Software activation is key: enter ROCm 6 and Ryzen AI software
All this powerful new silicon will require a lot of software implementation effort on AMD’s part, and in that regard, the company has announced two new installments in its developer-facing software suite, ROCm6, which will work in concert with its development Xilinx Vitis AI and deployment tools, as well as Ryzen AI software for client machines. AMD notes that a second installment of ROCm 6 for training workloads is also coming. ROCm is AMD’s open source software development platform and supports many leading AI frameworks such as ONYX, TensorFlow and PyTorch. AMD also notes that data center AI developers using Nvidia’s CUDA language can also easily port and optimize their existing models and applications with ROCm. AMD CEO Dr Su also made a show of force on stage with her, with representatives from Lamini, Databricks and Essential AI extolling the virtues of working with ROCm, with Lamini CEO Sharon Shou, specifically highlighting that Lamini has achieved functionality and performance. parity with CUDA.
On client machines, Ryzen AI will take pre-trained models, quantify them, and optimize them to run on AMD silicon for easy deployment. In conversations with AMD, I’ve been told the goal is to have a simple, one-click interface for developers, with support for ONYX, Tensorflow, and Pytorch live right now in the first installment of Ryzen AI Software. The folks at Redmond are also preparing Windows support, but AMD will ultimately be at Microsoft’s mercy in that regard.

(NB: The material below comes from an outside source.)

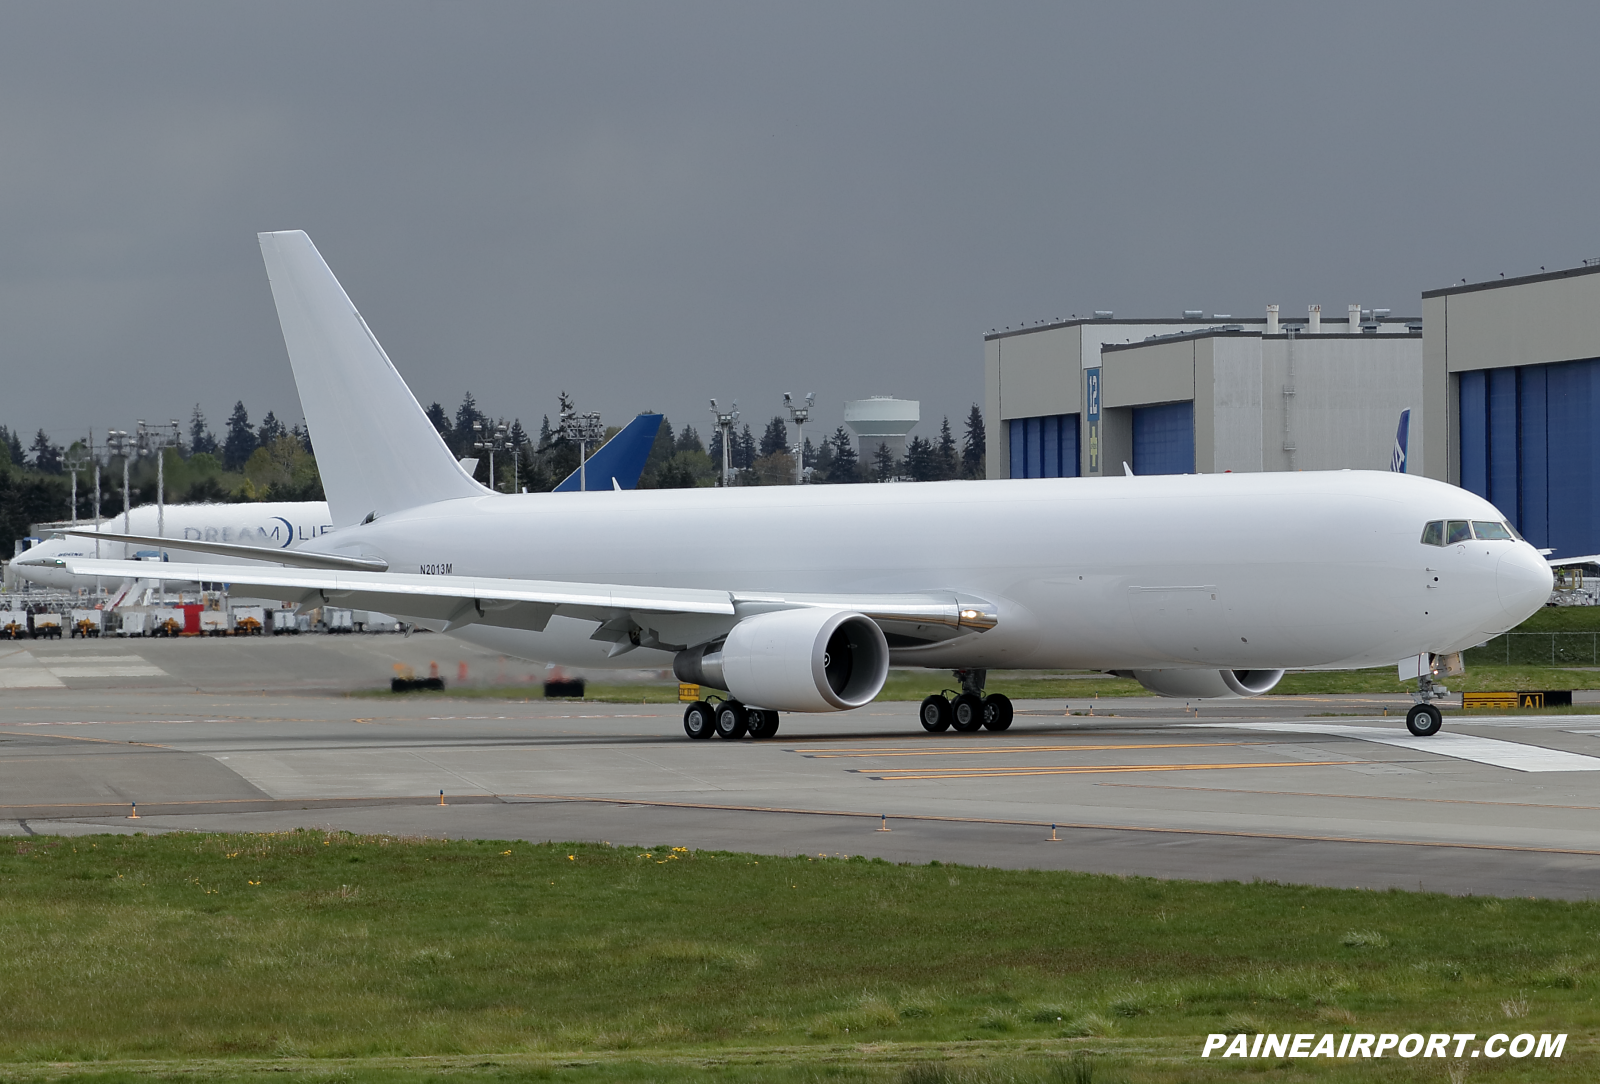 VT734 767 line 1270 at KPAE Paine Field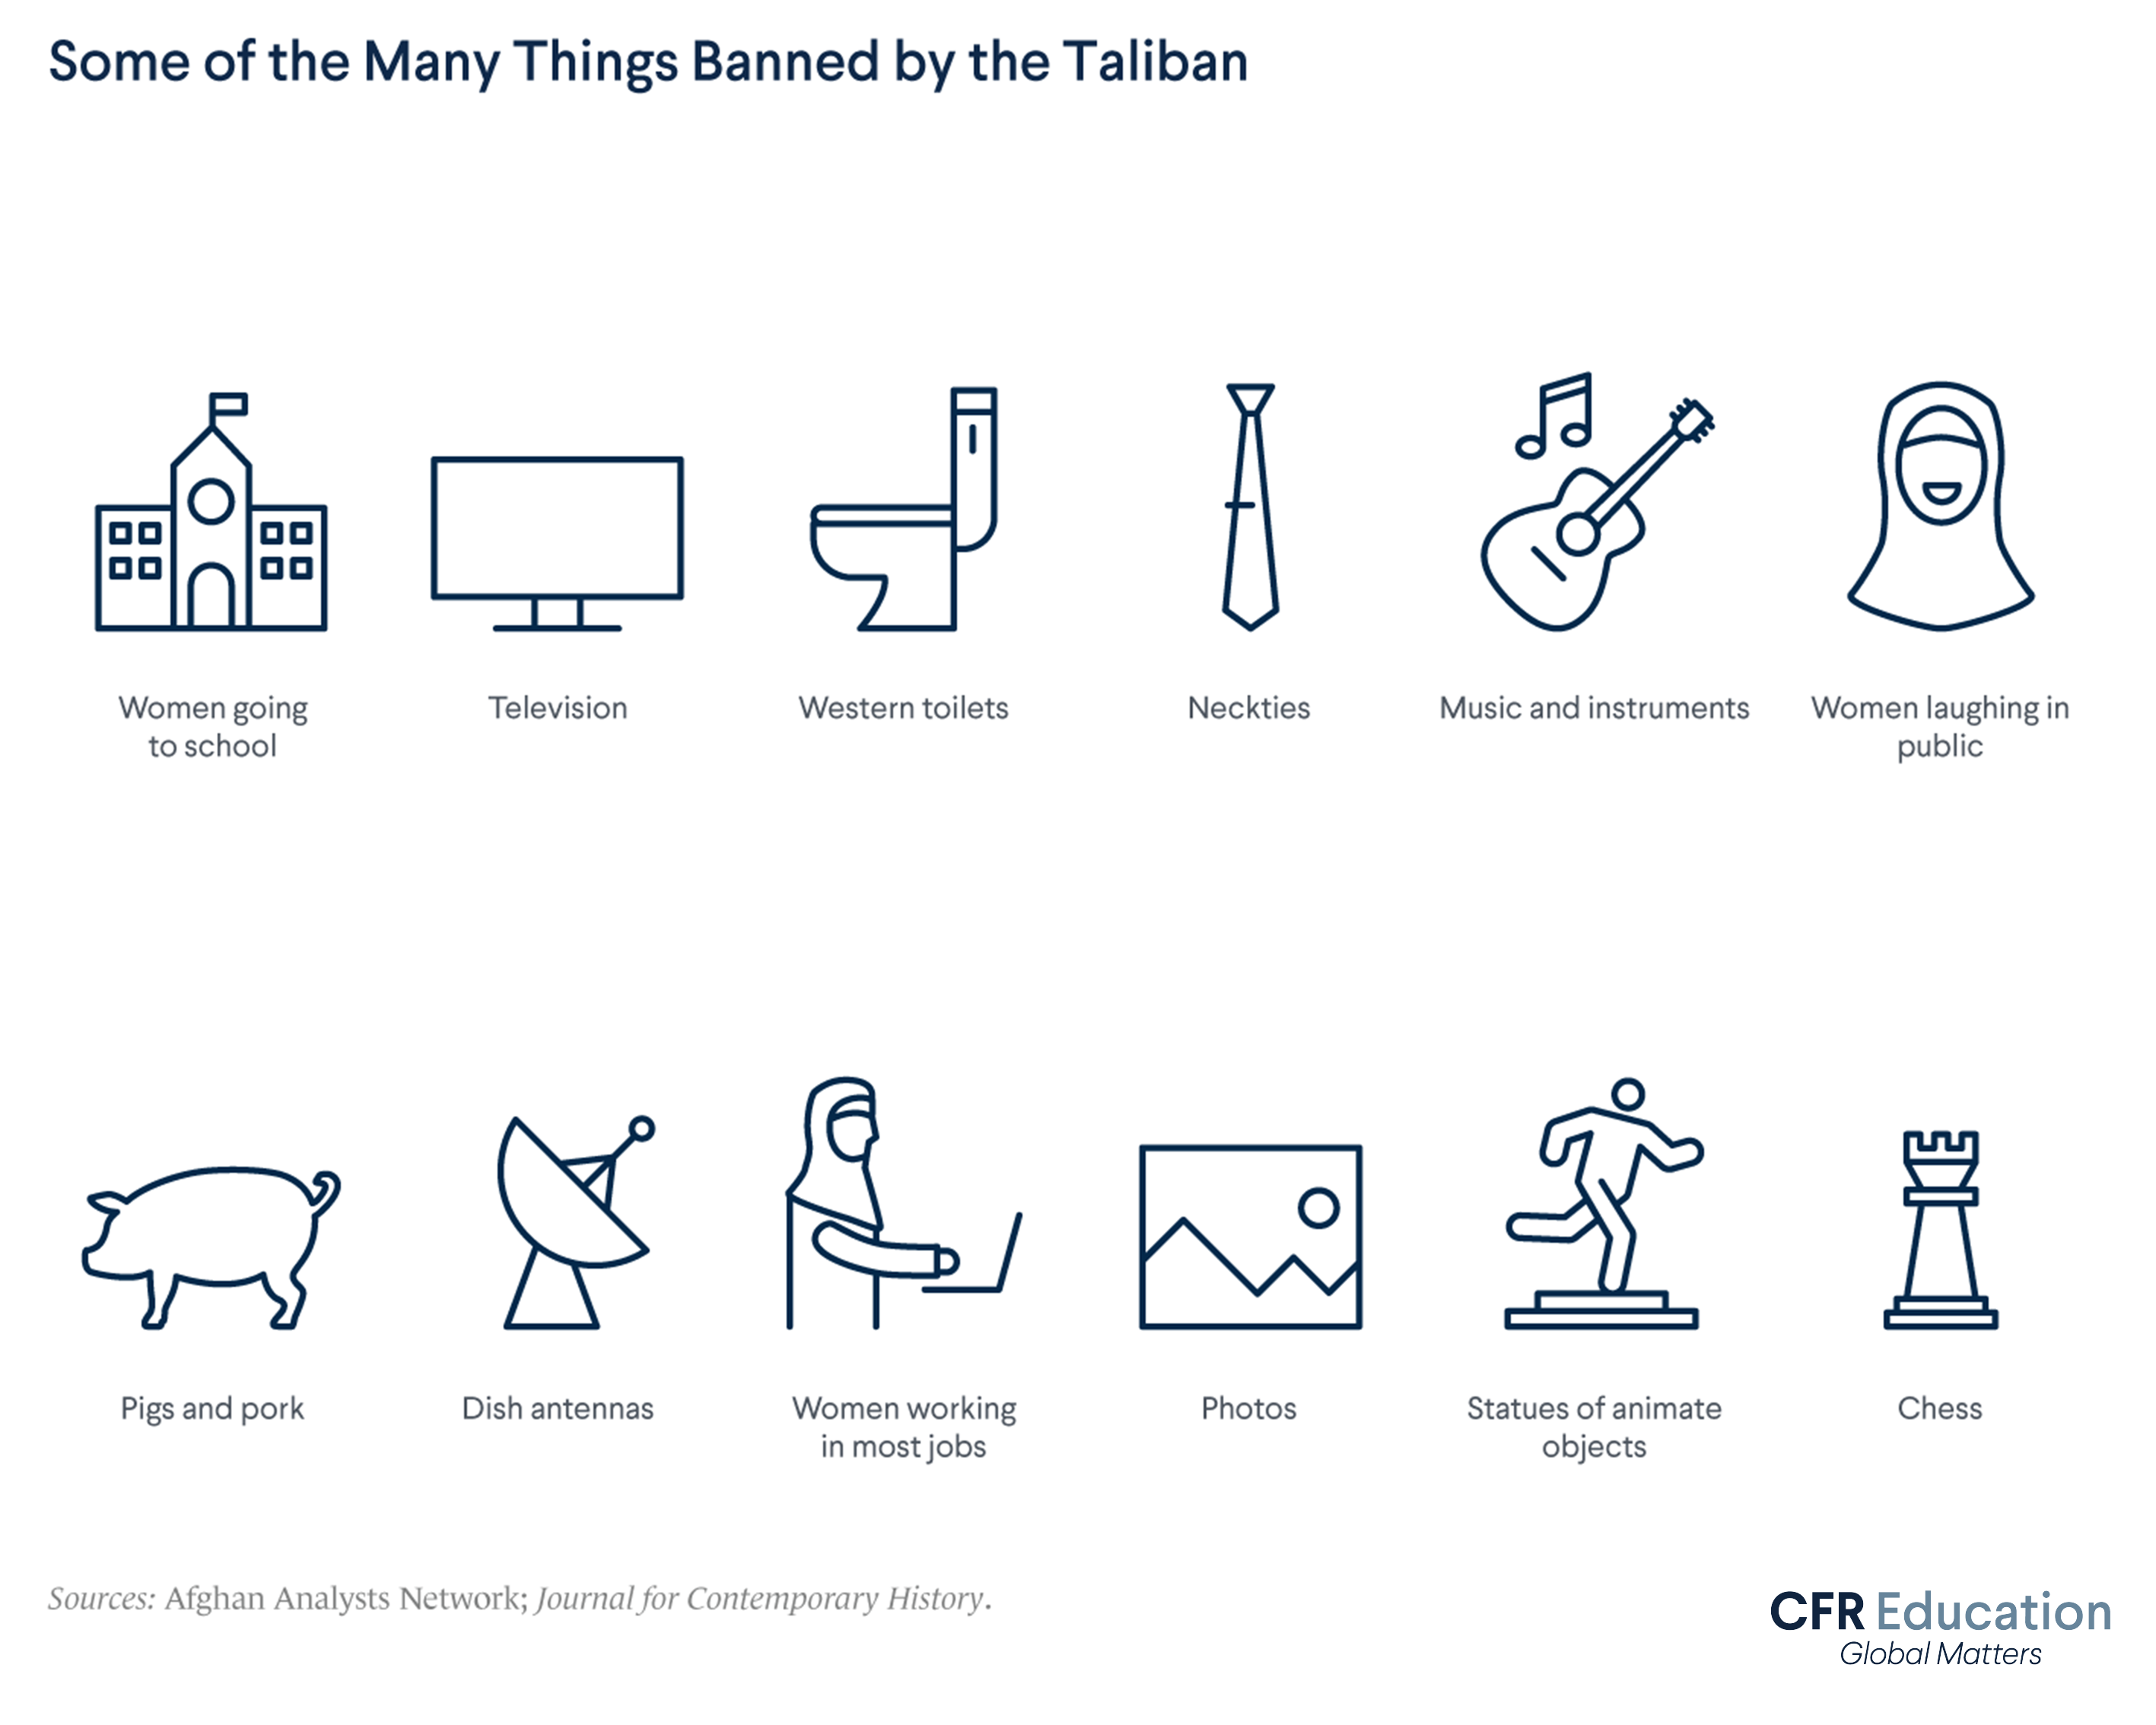 Infographic shows some of the things banned by the Taliban. Its Ministry of Virtue and Vice banned television and musical instruments and outlawed education for women. For more info contact us at cfr_education@cfr.org.

To conclude this quick summary of Advancing AI Day, I would say that AMD’s success will depend heavily on its software enablement efforts, which will need to be an ongoing, long-term investment in ease of use, optimization of performance and efficiency, and ultimately, adoption by developers. It appears the company has the hardware power to take on its main rivals Nvidia and Intel. With AMD President Victor Peng spearheading its AI strategy, and with the long line of software he fostered at Xilinx before the company’s acquisition, it appears AMD also has the leadership and resources needed to execute this side of the equation. . This is going to be a dogfight with Nvidia, no doubt about it. With intensive model optimization and tuning underway now, the AI performance landscape can and will change in no time. And let’s face it, AI is still in its infancy.